Joseph Bowman on April 25, 2011

Well, if I had to knock it out with a shell script I’d just make a file with a line for each integer and then

#!/bin/bash
DUPE=$(sort -n array.txt | uniq -d)
ARRAY=$(sort -n array.txt)
KEY=0
for i in $ARRAY; do
if [ $KEY -ne $i ]; then
echo “MISSING: $KEY”;
break;
fi
KEY=$(($KEY+1));
done
echo “DUPE: ${DUPE}”

I’m assume I understand the description right and the first number would always be 0. If not, then I could always head the sorted output to get the first number and start counting from there. I suppose I could get a little better about storing file in memory after the first sort for the whole “compact space” part.

Reply
- Max Schireson on April 25, 2011
  
  Hi. Looking to avoid the time of a sort (which is more than linear) and also not to have to hold a copy of the array. You can see some correct solutions and further commentary in the comments.
  
  — Max
  
  Reply
Ankur on April 26, 2011

Wow. This is probably the easiest one out there. It’s as simple as summing all of them and deducting it from n*(n 1)/2

I was really expecting something better!! I think this question was on my class 8 math exam.

Reply
- Max Schireson on April 26, 2011
  
  That’s simple, but it doesn’t actually answer the question asked 🙂
  
  — Max
  
  Reply
Duarte on April 26, 2011

Here’s my take. It’s based on XOR and on the observation that a bit set to 1 on (Missing XOR Duplicate) means that Missing and Duplicate can be distinguished based on that bit.
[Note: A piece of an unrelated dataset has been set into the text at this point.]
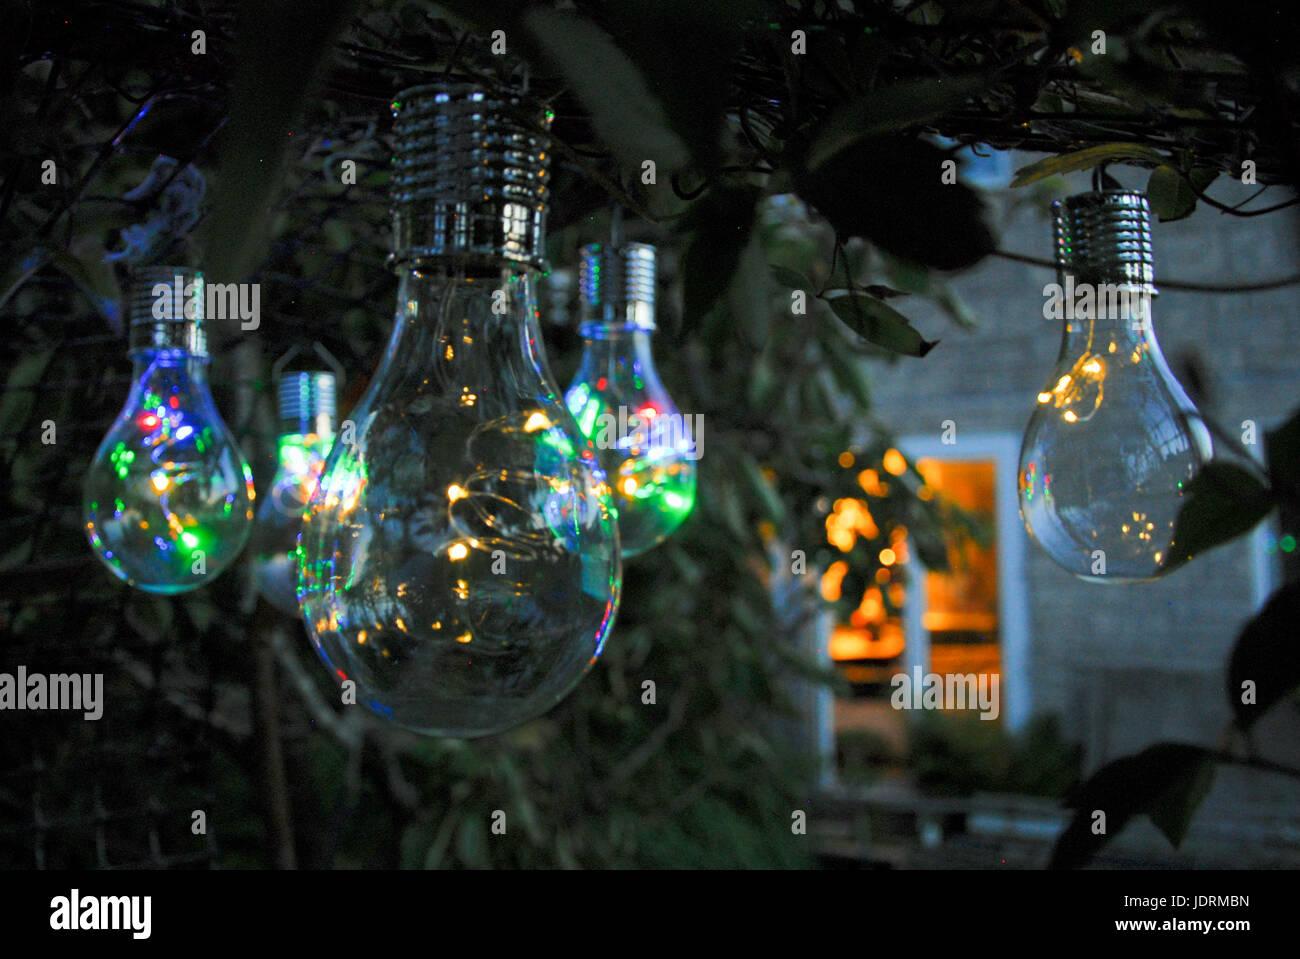 Solar-powered garden lanterns light up as night falls on the Isle of Portland - Stock Image

My solution is in C#.

long total = 0;
long values = 0;

for (long i = 0; i < a.Length; i++)
{
total ^= i + 1;
values ^= a[i];
}

long x = total ^ values;

int bit;
for (bit = 1; (x & bit) == 0; bit <<= 1) { }

total = 0;
values = 0;

for (long i = 0; i < a.Length; i++)
{
var tmp = i + 1;
if ((tmp & bit) != 0)
{
total ^= tmp;
}

tmp = a[i];
if ((tmp & bit) != 0)
{
values ^= tmp;
}
}

long duplicate = total ^ values;

int count = 0;
for (long i = 0; i < a.Length; i++)
{
if (a[i] == duplicate && ++count == 2)
{
break;
}
}

duplicate = count == 2 ? duplicate : (duplicate ^ x);
long missing = duplicate ^ x;

We could use the equation SUM(1..N) – SUM(a) – Duplicate = Missing to reduce the solution to two loops, but I think this is faster.

Reply
- Duarte on April 26, 2011
  
  Oops, the third loop can be:
  
  bool found = false;
  for (long i = 0; i < a.Length; i++)
  {
  if (a[i] == duplicate)
  {
  found = true;
  break;
  }
  }
  
  duplicate = found ? duplicate : (duplicate ^ x);
  long missing = duplicate ^ x;
  
  Reply
  - Max Schireson on April 26, 2011
    
    looks good to me.
    
    — Max
  - Duarte on April 27, 2011
    
    Actually, I tested and this version is better:
    
    long xor = 0; // duplicate ^ missing
    long diff = 0; // duplicate – missing
    
    for (long i = 0; i < a.Length; i++)
    {
    long index = i + 1;
    xor ^= index ^ a[i];
    diff += a[i] – index;
    }
    
    int bit;
    for (bit = 1; (xor & bit) == 0; bit <<= 1) { }
    
    long duplicate = 0;
    
    for (long i = 0; i 0 ? Math.Max(duplicate, missing) : Math.Min(duplicate, missing);
    missing = duplicate ^ xor;
  - Duarte on April 27, 2011
    
    Hum, something went wrong.
    
    long xor = 0; // duplicate ^ missing
    long diff = 0; // duplicate – missing
    
    for (long i = 0; i < a.Length; i++)
    {
    long index = i + 1;
    xor ^= index ^ a[i];
    diff += a[i] – index;
    }
    
    int bit;
    for (bit = 1; (xor & bit) == 0; bit <<= 1) { }
    
    duplicate = 0;
    
    for (long i = 0; i 0 ? Math.Max(duplicate, missing) : Math.Min(duplicate, missing);
    missing = duplicate ^ xor;
  - Duarte on April 27, 2011
    
    Oh well. It’s here: https://gist.github.com/943484
Andrew on April 27, 2011

An interesting problem but more of a mathematical challenge than a programming ability test.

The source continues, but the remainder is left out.